In July, two prolific Adelphi dramatists were represented in one program when Buckstone's classic Wreck Ashore was offered along with a Boucicault piece playing for the first time in London, Forbidden Fruit.



Wreck Ashore lasted for seven weeks, when it gave way to Therese; or, the Maid of Croissey, a sentimental comedy that had been popular in England and America for half a century. It was the source of the libretto of Ignaz Brull's The Golden Cross, an opera given at the Adelphi in 1878. Dion Boucicault adapted the original French play for the present Adelphi production, and the Times applauded his work: "The play has been altered, and for the better, for production on the Adelphi boards" (20 August, p. 6). This work and Forbidden Fruit continued until the end of the season. The Times praised Boucicault who had "carried the theatre through a trying summer season with unparalleled success" (4 September 1880).

The beginning of this season saw the death of one of the Adelphi's greatest sons, John Baldwin Buckstone. He was born in 1802 and as a youth became a solicitor's clerk before running away to the more exciting world of the stage. His London debut was as Ramsay in The Fortunes of Nigel at the Surrey, 1823. His first performed piece was The Bear-Hunters (1825).
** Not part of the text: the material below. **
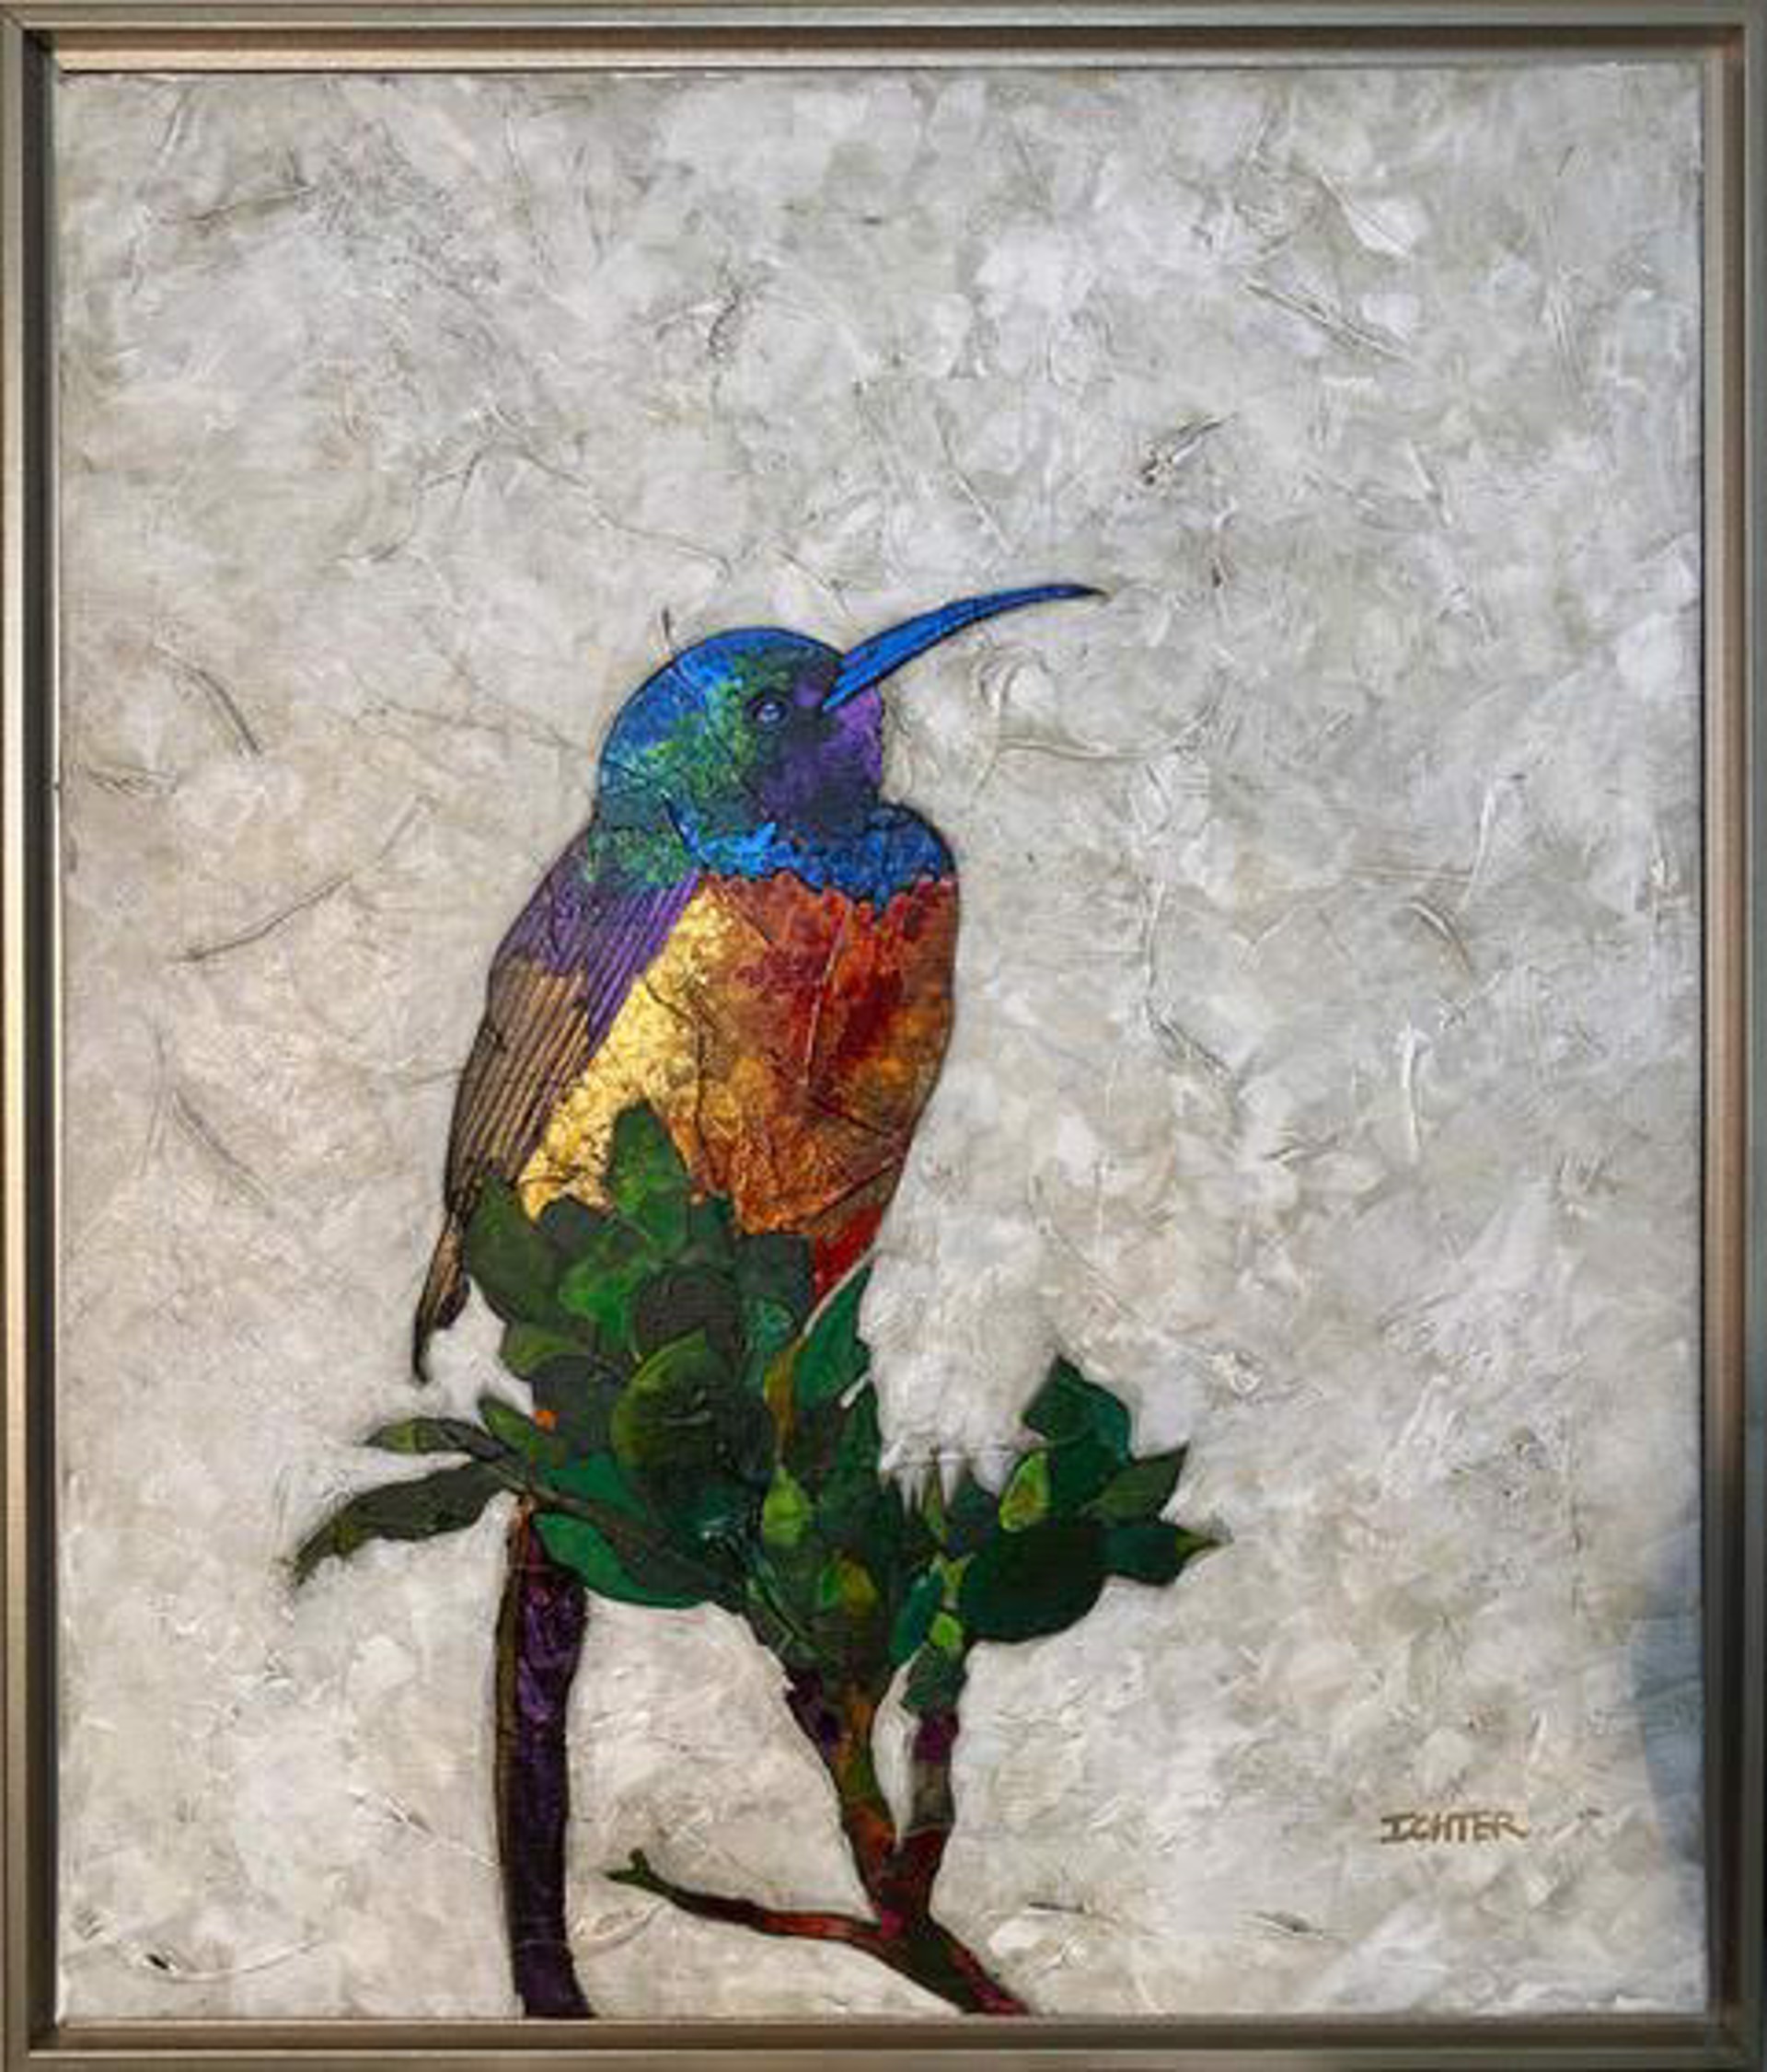 Hummingbird by R. John Ichter

After this start, he wrote more than 100 plays--many for the Adelphi and the Haymarket, of which he was manager from 1853 until his death.

Buckstone came to the Adelphi in the 1827-28 season where he played Bobby Trot in his own Luke the Labourer. His Green Bushes; or, A Hundred Years Ago was the most popular piece ever performed at the Adelphi. During the period 1844-1880, it was produced eighteen times. Percy Fitzgerald said of Buckstone:

A more singular face could not be devised--the intensely droll eyes set in their places a little crookedly, a delightfully grotesque nose, cheeks something after the pattern of cutlets, and whose muscles went up and down, delicately relaxed; and the mouth! That, drawing it over to one side, into a corner as it were, until by the act a sort of money-box slit or aperture was made; with this difference, that the good things were projected out of it, instead of anything being dropped in;--that twist was special to himself (quoted in W. Davenport Adams, A Dictionary of the Drama I, 224).